For the DSM... "some people got together and decided to organize the way things were being done". There already WAS a form of organization.
"A set of rules that people could use IF THEY FELT LIKE IT." This sentence, dink, reflects your.. naiveté on the way the social corps manages to impose its COLLECTIVE will on us as individuals. Also on the way ideas are globalized and impose themselves on different cultures.
The shrinks working in mental hospitals in France HAVE NO CHOICE about whether to use this model or not. Particularly when they have to fill out those cute quality control forms (bureaucracy) to PROVE and justify how the filthy lucre is being spent.

Thai said...

I might take issue with the word naivete, since some of us accept rules.

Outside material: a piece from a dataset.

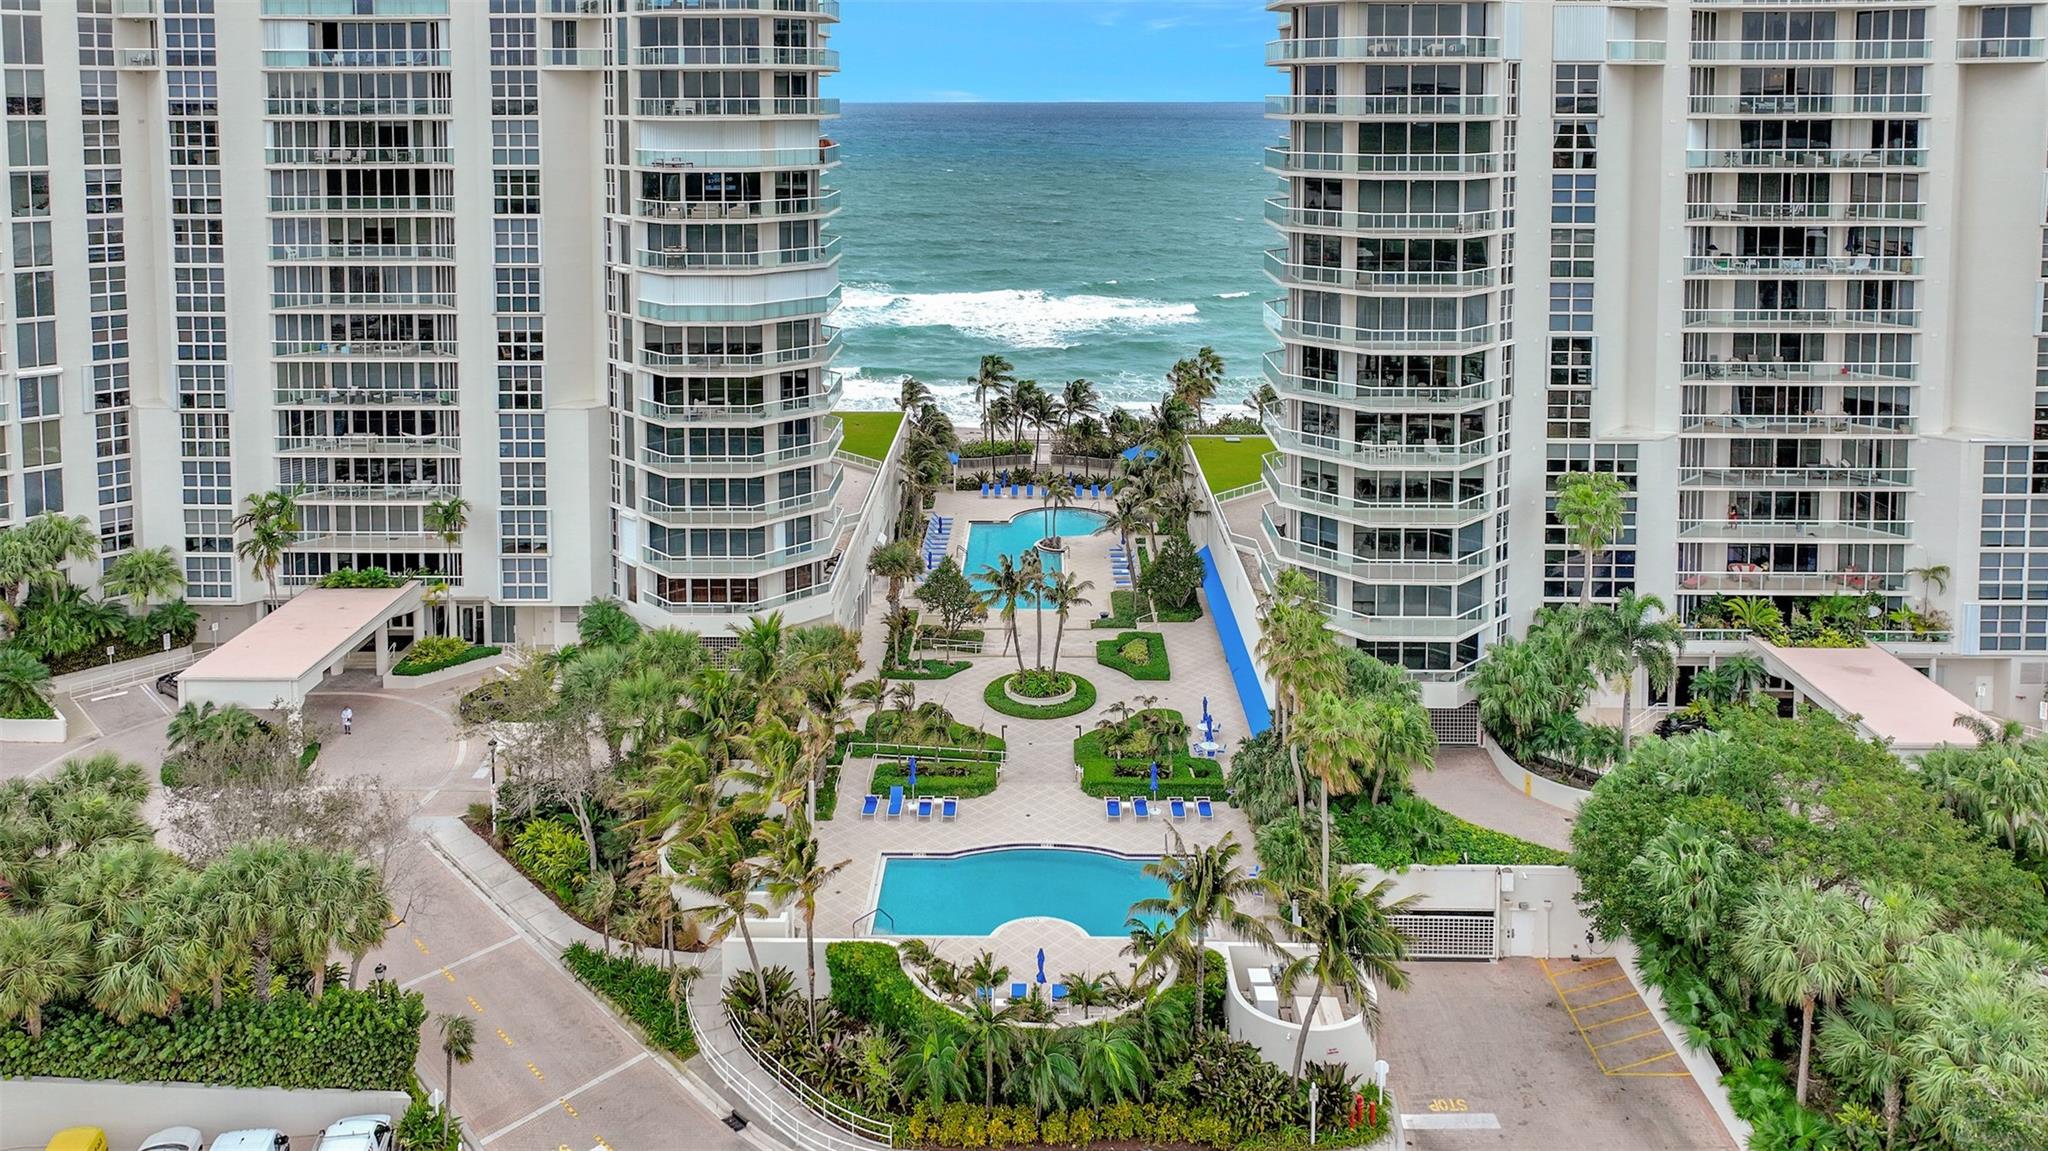 Beautiful unit is locating on the East side of the Ocean Drive on the beach in a 5 stars luxury high rise building next to the park. This is a furnished 2 Bedroom + den/office or 3rd Bedroom, 2.5 Baths. Large Balcony spans entire unit. Pool area has 2 heated pools. Jacuzzi and private beach with chairs and umbrellas. Walk path to the Hollywood stores and Restaurants. Gym. Concierge, 24 h security. 2 tennis courts, sauna, steam. 24 hours valet parking, car wash available in building. Laundry in unit. 5 MONTH LEASE AVAILBILITY OR LONGER DEPENDING ON EXECUTION OF LEASE. Contact Brandi first to view property or Les Waites if not available. Non-smoker and NO pets please. Available Jan 2,2024

so re: "the way the social corps manages to impose its COLLECTIVE will on us as individuals. Also on the way ideas are globalized and impose themselves on different cultures."

Agreed and so what

I do not see this approach is any worse than any else.

There is no "alternative" which is better in my opinion. Simple one of those "a rose by any other name does not smell as sweet" issues.

Thai said...

And Dink, the deletes were simply for posts intended on Sudden Debt that I accidentally posted here. You can read them on SD

Debra said...

Thai, thanks for your post on Carlat. I really appreciate that. It looks as though I have not been permanently banned, though, huh ?
Remember, I am someone for whom naiveté is not the eighth deadly sin.
It is unfortunately true that naiveté is perceived at this time in our culture as being a sign of stupidity, and it is often thrown out as an accusation.
I take radical exception to that point of view.
Naiveté is a form of... trust, and belief.
So it is not necessarily a "bad" thing.
I noticed a long time ago that my brother in law's lip curled as he ACCUSED ME of being naïve on certain issues. (While HIS naiveté showed up at another level.)
Naiveté is a zero sum issue.
Because.. it exists in ALL of us.
Because we're human.
Thai, I maintain that the way that you feel about yourself will be different according to whether you pinpoint the source of your disgruntlement in attitudes emanating from the social body, or YOUR OWN FUCK UPS (and granted that it is time consuming work trying to separate out what is YOUR responsibility in what happens to you, and that it should be done).
It is extremely convenient and comfortable for the social body to assign EXCLUSIVE responsibility to the individual.
But I maintain that this is not the way things work.
Exclusion is a very costly mecanism of social control.